The relevance of a particular HBsAg level in the context of viral activity and disease progression is uncertain. Although a 0.5 log or 1.0 log reduction of HBsAg has been proposed as on-treatment predictors of response to peginterferon, the magnitude of HBsAg fluctuation in untreated individuals has not been evaluated.11 Before a particular HBsAg level or a magnitude of change in HBsAg level can be recommended to predict treatment outcome, one must first understand the meaning of these parameters in the treatment-free Cisplatin datasheet setting. In this study, based on a cohort of untreated patients with chronic
hepatitis B with long-term follow-up, we aimed to investigate the HBsAg levels at different stages of chronic hepatitis B. We also aimed to investigate the changes
in HBsAg level during the natural progression of disease. Our results would provide important information on the meaning of serum HBsAg quantification in relation to the natural history of chronic hepatitis B. ALT, alanine aminotransferase; cccDNA, covalently closed circular DNA; HBeAg, hepatitis B e antigen; HBsAg, hepatitis B surface antigen; HBV, hepatitis B virus. One hundred seventeen patients with chronic hepatitis B in the cohort recruited since 1997 with longitudinal follow-up in the outpatient clinic, Prince of Wales Hospital, Hong Kong, China, were studied.13 All patients received Selleckchem CHIR 99021 no antiviral therapy during the entire follow-up period. Coinfection by hepatitis C virus was excluded. These patients were followed at an interval of 6 months, or more frequently as clinically indicated. Hepatitis B e antigen (HBeAg) and antibody, liver biochemistry, and alfa-fetoprotein were monitored
at every visit. Residual serum samples were stored at −80°C for HBV DNA and HBsAg quantification.
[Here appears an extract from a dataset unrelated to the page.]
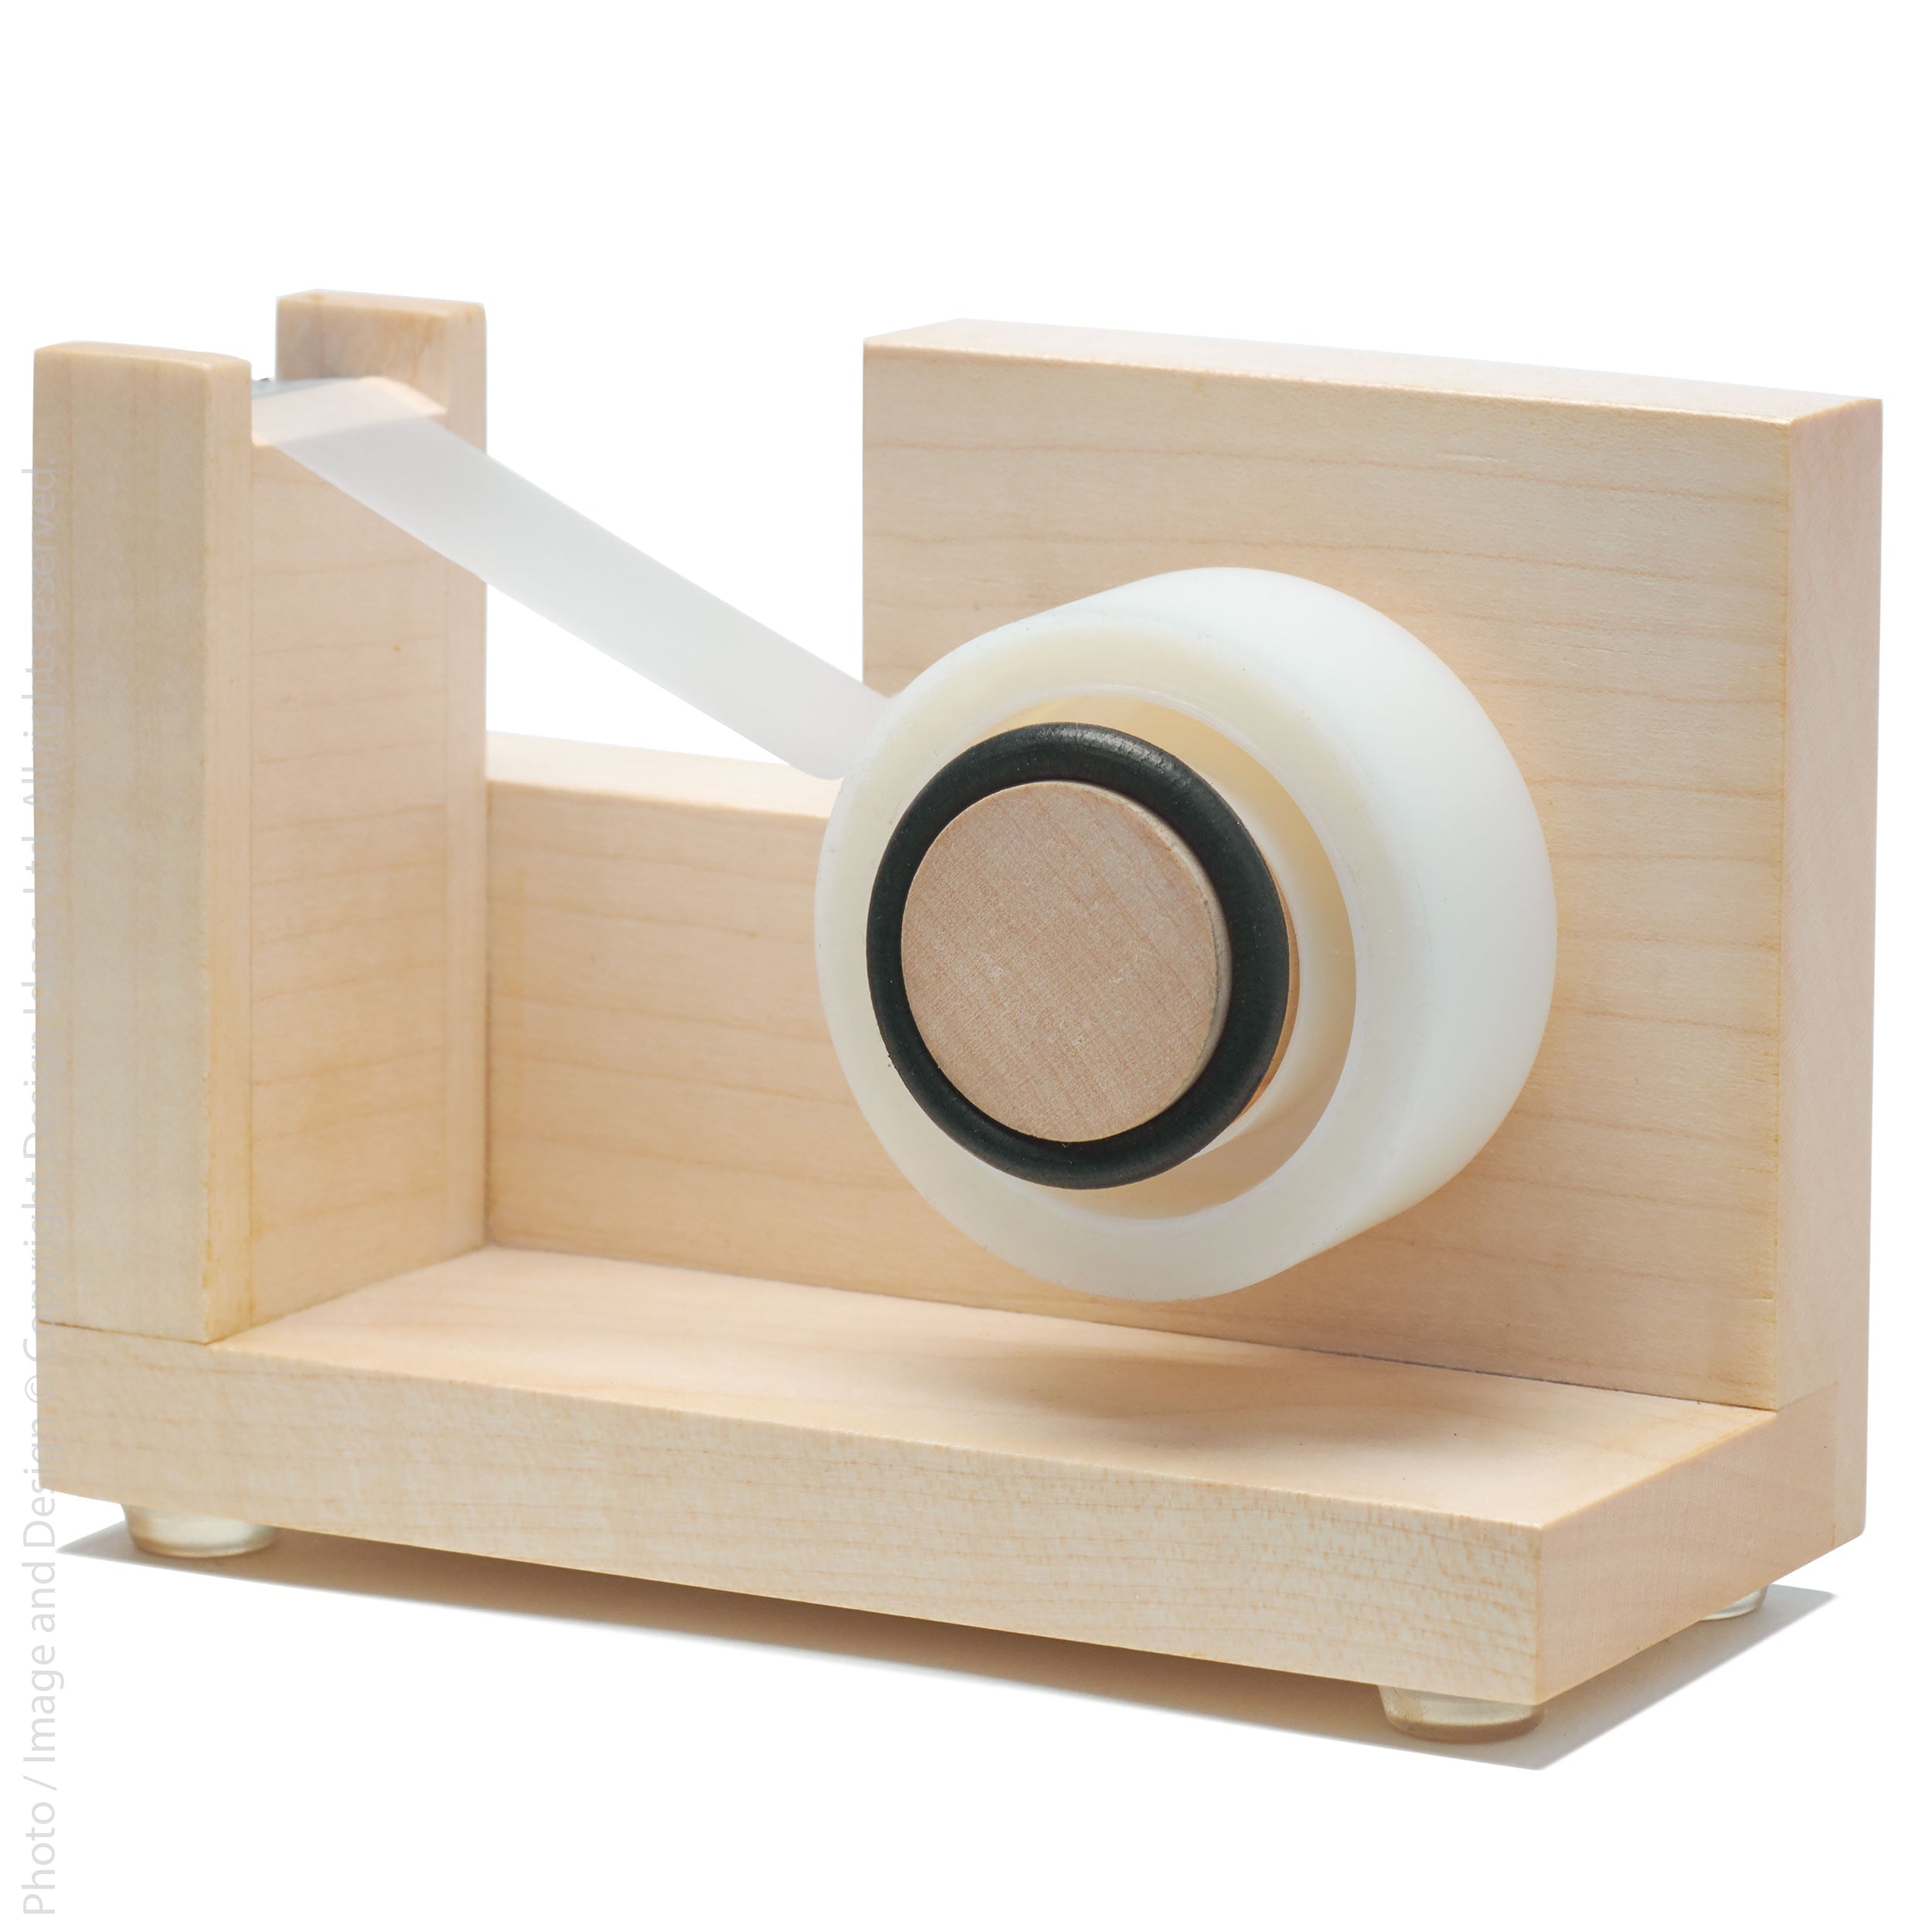 Upland Sycamore Tape Dispenser   | Image 5 | From the Upland Collection | Elegantly created with natural sycamore for long lasting use | Available in natural color | texxture home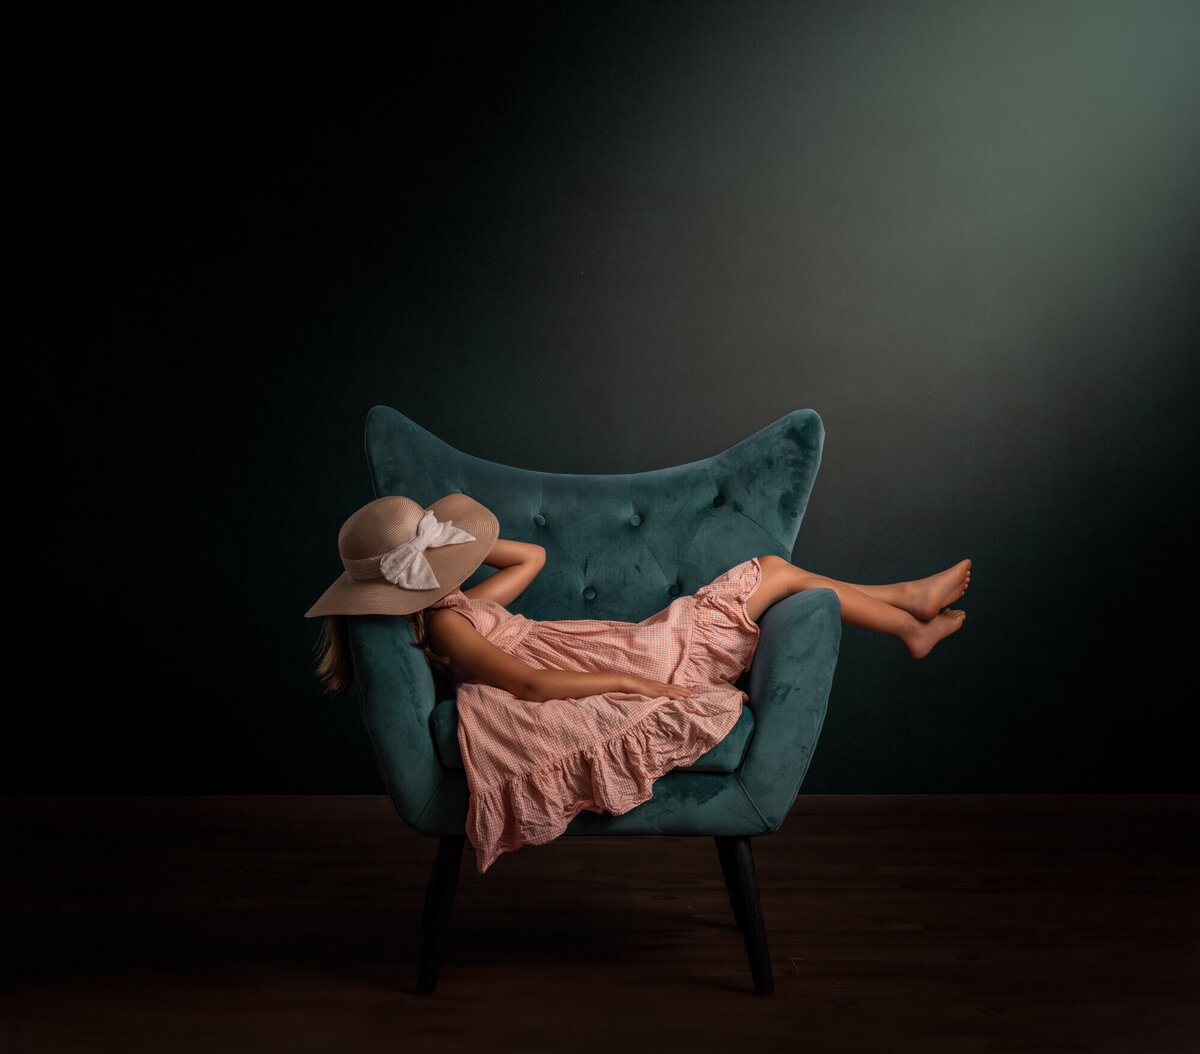 A little girl in an orange dress napping in a green chair with a hat over her eyes and light pouring in above her

Patients were classified into five groups for analysis. MCE Group 1 consisted of patients with persistently positive HBeAg and normal alanine aminotransferase (ALT), i.e., patients in the immune tolerance phase. Group 2 consisted of patients who had positive HBeAg at the first visit and persistently positive or fluctuating HBeAg during follow-up with intermittent elevation of ALT levels, i.e., unsuccessful immune clearance. Group 3 consisted of HBeAg-positive patients who underwent sustained HBeAg seroconversion. Group 4 consisted of HBeAg-negative patients with intermittent elevation of ALT levels and/or HBV DNA > 2000 IU/mL, i.e., HBeAg-negative active chronic hepatitis B. Group 5 consisted of patients who were HBeAg-negative with persistently normal ALT with HBV DNA ≤ 2000 IU/mL throughout the entire follow-up, i.e., HBeAg-negative inactive chronic hepatitis B. For Groups 1, 2, 4, and 5, HBV DNA and HBsAg were measured at the first visit, the last visit, and visits at each quartile during the follow-up (second, third, and fourth visit).